→ YOUR TASK
A verbatim copy of the entries is the required answer.

━━━ RECORD SET ━━━

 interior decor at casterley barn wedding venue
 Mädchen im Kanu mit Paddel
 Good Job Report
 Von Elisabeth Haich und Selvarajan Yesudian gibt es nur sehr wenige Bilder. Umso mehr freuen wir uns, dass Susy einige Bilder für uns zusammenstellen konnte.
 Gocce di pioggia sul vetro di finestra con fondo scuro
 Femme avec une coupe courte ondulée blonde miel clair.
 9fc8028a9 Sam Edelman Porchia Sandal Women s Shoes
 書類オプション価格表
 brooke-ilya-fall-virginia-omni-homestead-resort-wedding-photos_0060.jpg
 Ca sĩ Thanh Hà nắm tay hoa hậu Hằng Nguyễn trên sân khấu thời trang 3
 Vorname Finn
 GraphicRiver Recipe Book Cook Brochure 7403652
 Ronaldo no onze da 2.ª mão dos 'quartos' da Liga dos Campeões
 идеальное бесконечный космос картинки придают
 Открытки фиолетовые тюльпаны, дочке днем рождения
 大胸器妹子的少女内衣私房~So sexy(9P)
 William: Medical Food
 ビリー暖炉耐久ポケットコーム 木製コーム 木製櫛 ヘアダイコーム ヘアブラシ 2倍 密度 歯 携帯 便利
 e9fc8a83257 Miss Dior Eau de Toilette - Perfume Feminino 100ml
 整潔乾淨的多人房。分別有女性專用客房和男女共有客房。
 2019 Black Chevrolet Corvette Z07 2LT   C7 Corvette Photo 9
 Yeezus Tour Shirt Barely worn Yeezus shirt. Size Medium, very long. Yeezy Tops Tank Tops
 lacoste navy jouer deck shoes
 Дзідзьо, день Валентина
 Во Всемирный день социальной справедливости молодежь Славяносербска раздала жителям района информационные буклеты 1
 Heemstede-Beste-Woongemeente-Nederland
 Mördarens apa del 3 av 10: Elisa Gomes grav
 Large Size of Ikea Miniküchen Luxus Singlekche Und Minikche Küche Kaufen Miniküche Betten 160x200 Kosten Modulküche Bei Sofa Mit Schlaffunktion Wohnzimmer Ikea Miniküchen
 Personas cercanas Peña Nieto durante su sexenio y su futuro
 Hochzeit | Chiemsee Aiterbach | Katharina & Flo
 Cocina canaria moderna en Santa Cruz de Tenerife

━━━

→ RESPONSE TO THE TASK
 interior decor at casterley barn wedding venue
 Mädchen im Kanu mit Paddel
 Good Job Report
 Von Elisabeth Haich und Selvarajan Yesudian gibt es nur sehr wenige Bilder. Umso mehr freuen wir uns, dass Susy einige Bilder für uns zusammenstellen konnte.
 Gocce di pioggia sul vetro di finestra con fondo scuro
 Femme avec une coupe courte ondulée blonde miel clair.
 9fc8028a9 Sam Edelman Porchia Sandal Women s Shoes
 書類オプション価格表
 brooke-ilya-fall-virginia-omni-homestead-resort-wedding-photos_0060.jpg
 Ca sĩ Thanh Hà nắm tay hoa hậu Hằng Nguyễn trên sân khấu thời trang 3
 Vorname Finn
 GraphicRiver Recipe Book Cook Brochure 7403652
 Ronaldo no onze da 2.ª mão dos 'quartos' da Liga dos Campeões
 идеальное бесконечный космос картинки придают
 Открытки фиолетовые тюльпаны, дочке днем рождения
 大胸器妹子的少女内衣私房~So sexy(9P)
 William: Medical Food
 ビリー暖炉耐久ポケットコーム 木製コーム 木製櫛 ヘアダイコーム ヘアブラシ 2倍 密度 歯 携帯 便利
 e9fc8a83257 Miss Dior Eau de Toilette - Perfume Feminino 100ml
 整潔乾淨的多人房。分別有女性專用客房和男女共有客房。
 2019 Black Chevrolet Corvette Z07 2LT   C7 Corvette Photo 9
 Yeezus Tour Shirt Barely worn Yeezus shirt. Size Medium, very long. Yeezy Tops Tank Tops
 lacoste navy jouer deck shoes
 Дзідзьо, день Валентина
 Во Всемирный день социальной справедливости молодежь Славяносербска раздала жителям района информационные буклеты 1
 Heemstede-Beste-Woongemeente-Nederland
 Mördarens apa del 3 av 10: Elisa Gomes grav
 Large Size of Ikea Miniküchen Luxus Singlekche Und Minikche Küche Kaufen Miniküche Betten 160x200 Kosten Modulküche Bei Sofa Mit Schlaffunktion Wohnzimmer Ikea Miniküchen
 Personas cercanas Peña Nieto durante su sexenio y su futuro
 Hochzeit | Chiemsee Aiterbach | Katharina & Flo
 Cocina canaria moderna en Santa Cruz de Tenerife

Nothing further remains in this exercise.